This is the codebase for a web crawler that I have built to extract the residential listings available for renting in Singapore.
This web crawler can currently extract the following metrics of each listings.
- Property Name
- Property Type
- Address
- Number of Beds
- Nunber of Bathroom
- Rental
- Rental per square feet
- Completion Year
- Total Unit of the Project
- Building Tenure (Freehold or Leasehold)
- Amenities
- Key Details (Rules set by landlord and etc)
- Nearest MRT station and distance
- Basic Understanding in HTML Structure
- Python
- Basic Understanding of Shell command
This scraper was built using the scrapy framework in Python 3.7. You are required to install scrapy in order to run the scraper.
Pip:
pip install Scrapy
Conda:
conda install -c conda-forge scrapy
Otherwise, you can download the requirement.txt file and use the following code to install the packages stated.

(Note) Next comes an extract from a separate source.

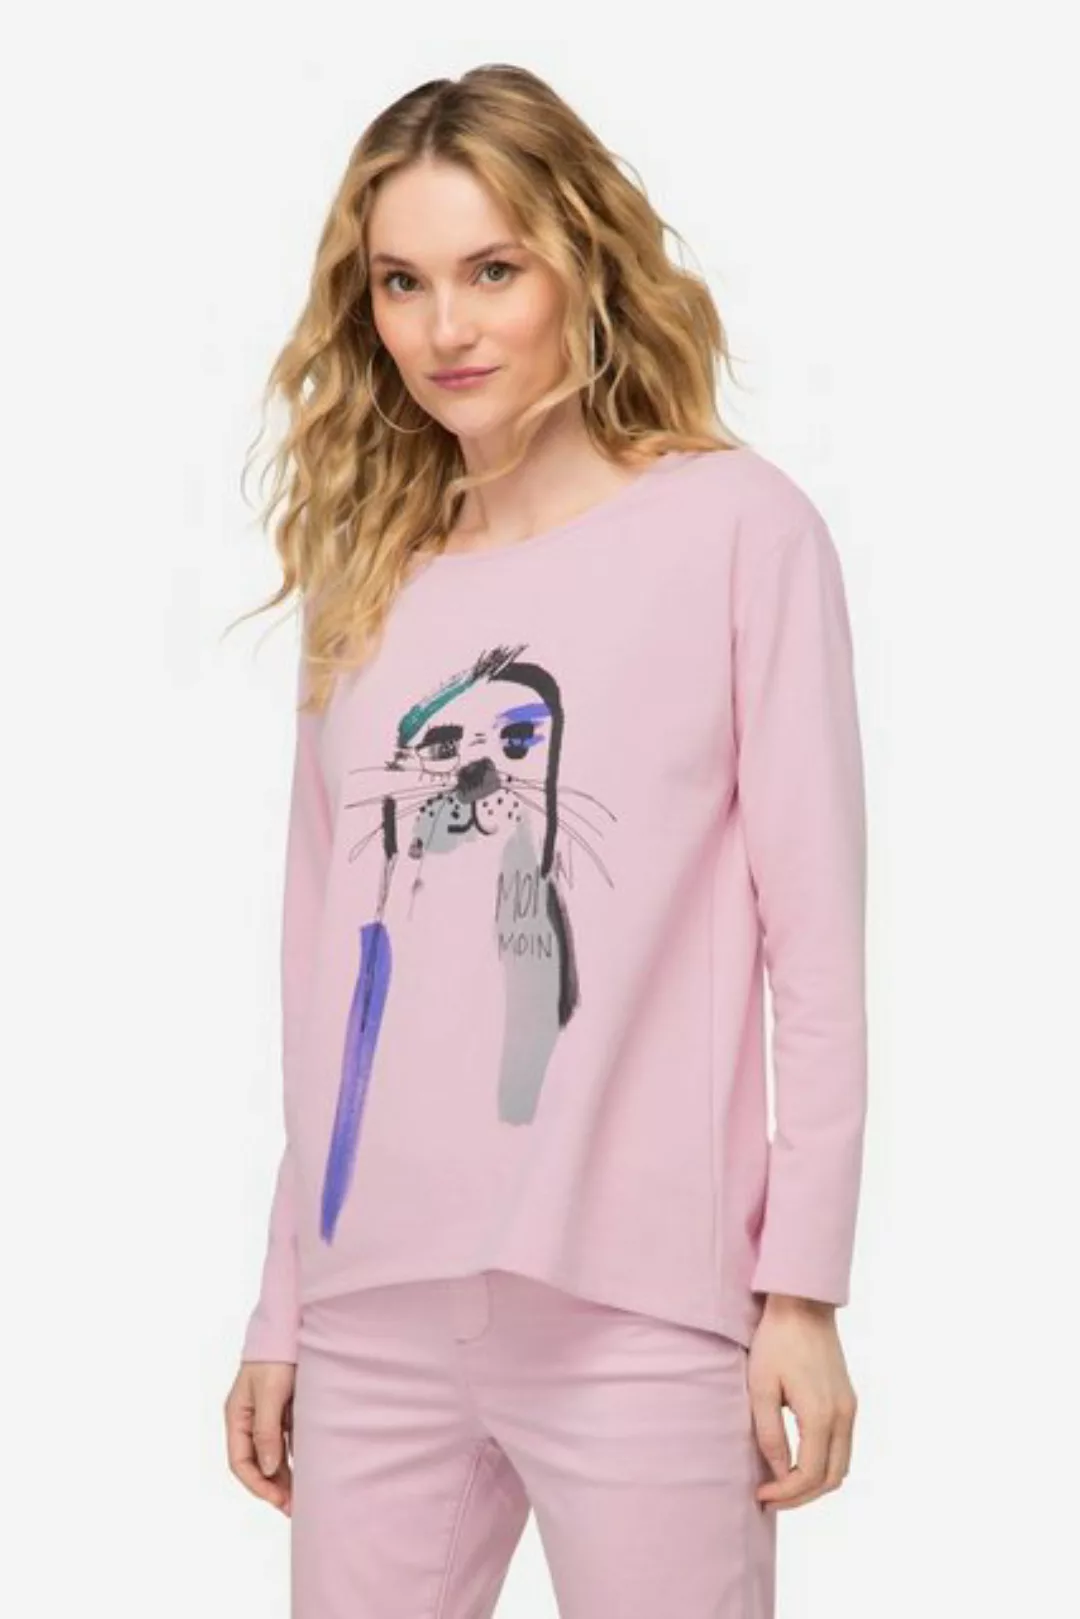 Laurasøn Sweatshirt Sweatshirt oversized Robben Print Rundhals Langarm günstig online kaufen

$ while read requirement; do conda install --yes $requirement; done < requirements.txt
$ while read requirement; do conda install --yes $requirement || pip install $requirement; done < requirements.txt
.
├── properties_data_2019-07-12T16-19-53.json
├── README.md
├── scrapy.cfg
└── sgpropbot
├── __init__.py
├── items.py
├── middlewares.py
├── pipelines.py
├── __pycache__
├── settings.py
└── spiders
├── __init__.py
├── properties.py
├── __pycache__
├── run.log
└── scrapy_shell_test_linkextractor.txt
In order to run the crawler, please navigate to the sgpropbot/spiders
folder and run the following command:
scrapy crawl properties
Or
scrapy runspider properties.py
The data output was set as JSON file format by default. However, this can be easily changed by amending the setting.py
. I have provided a sample of data output here.
Following up project, I will use the scraped data to:
- Provide a walkthrough on how to export data into database like MySQL or PostgreSQL
- Conduct an exploratory data analysis
- Make an interactive dashboard
- Building a rental prediction model
The most essential part of building a good scraper is to have a good understanding of the website layout so that you are able to extract the right item. The most effective way is through a selector (CSS or XPath) and for specific text extraction, you have to familiar with regex.